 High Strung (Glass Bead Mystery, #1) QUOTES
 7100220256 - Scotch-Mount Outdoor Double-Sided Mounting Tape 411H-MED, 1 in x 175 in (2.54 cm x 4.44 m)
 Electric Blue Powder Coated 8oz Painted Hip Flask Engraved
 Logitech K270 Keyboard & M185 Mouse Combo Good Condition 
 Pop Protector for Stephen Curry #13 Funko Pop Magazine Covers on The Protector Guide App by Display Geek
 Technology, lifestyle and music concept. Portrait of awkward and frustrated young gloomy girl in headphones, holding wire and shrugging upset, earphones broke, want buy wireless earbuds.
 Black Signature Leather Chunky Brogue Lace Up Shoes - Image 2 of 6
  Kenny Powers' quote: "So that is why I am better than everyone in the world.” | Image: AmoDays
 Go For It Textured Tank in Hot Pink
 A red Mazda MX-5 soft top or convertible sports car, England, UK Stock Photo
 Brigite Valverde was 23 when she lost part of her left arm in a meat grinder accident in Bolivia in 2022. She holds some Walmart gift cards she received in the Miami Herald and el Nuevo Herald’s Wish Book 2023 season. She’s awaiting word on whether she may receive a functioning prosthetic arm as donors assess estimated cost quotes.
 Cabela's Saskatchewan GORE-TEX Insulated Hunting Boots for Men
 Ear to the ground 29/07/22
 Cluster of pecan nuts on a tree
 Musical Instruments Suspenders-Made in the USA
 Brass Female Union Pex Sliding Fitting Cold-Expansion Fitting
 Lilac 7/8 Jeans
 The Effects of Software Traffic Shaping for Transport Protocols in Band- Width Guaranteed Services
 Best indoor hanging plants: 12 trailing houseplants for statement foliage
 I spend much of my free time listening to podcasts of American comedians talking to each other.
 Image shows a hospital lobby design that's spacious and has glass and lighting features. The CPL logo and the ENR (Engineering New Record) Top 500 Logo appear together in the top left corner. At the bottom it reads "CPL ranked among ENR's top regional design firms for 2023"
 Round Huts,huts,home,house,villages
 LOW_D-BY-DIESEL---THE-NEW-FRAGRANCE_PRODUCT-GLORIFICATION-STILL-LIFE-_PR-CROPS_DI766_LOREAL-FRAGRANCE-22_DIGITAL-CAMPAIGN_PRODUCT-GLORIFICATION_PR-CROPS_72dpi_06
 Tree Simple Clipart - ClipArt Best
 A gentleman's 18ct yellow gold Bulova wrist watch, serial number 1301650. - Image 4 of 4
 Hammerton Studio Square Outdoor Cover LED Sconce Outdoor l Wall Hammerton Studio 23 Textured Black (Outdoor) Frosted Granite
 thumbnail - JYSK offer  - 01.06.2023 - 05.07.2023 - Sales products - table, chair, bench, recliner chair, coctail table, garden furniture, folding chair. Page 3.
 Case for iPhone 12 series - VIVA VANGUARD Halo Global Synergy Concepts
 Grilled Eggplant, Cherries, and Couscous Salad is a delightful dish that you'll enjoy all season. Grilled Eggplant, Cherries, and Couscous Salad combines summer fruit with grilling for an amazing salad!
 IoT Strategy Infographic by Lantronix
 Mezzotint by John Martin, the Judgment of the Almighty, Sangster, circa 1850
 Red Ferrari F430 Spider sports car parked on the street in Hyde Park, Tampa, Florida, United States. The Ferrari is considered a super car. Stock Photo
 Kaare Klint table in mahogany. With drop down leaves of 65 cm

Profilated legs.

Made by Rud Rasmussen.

_ _ _ _

• [ACTIVITY]:
Word for word, repeat the line holding "Mezzotint by John" and all lines after it through the end of the entries above.

• [RESPONSE TO THIS TASK]:
 Mezzotint by John Martin, the Judgment of the Almighty, Sangster, circa 1850
 Red Ferrari F430 Spider sports car parked on the street in Hyde Park, Tampa, Florida, United States. The Ferrari is considered a super car. Stock Photo
 Kaare Klint table in mahogany. With drop down leaves of 65 cm

Profilated legs.

Made by Rud Rasmussen.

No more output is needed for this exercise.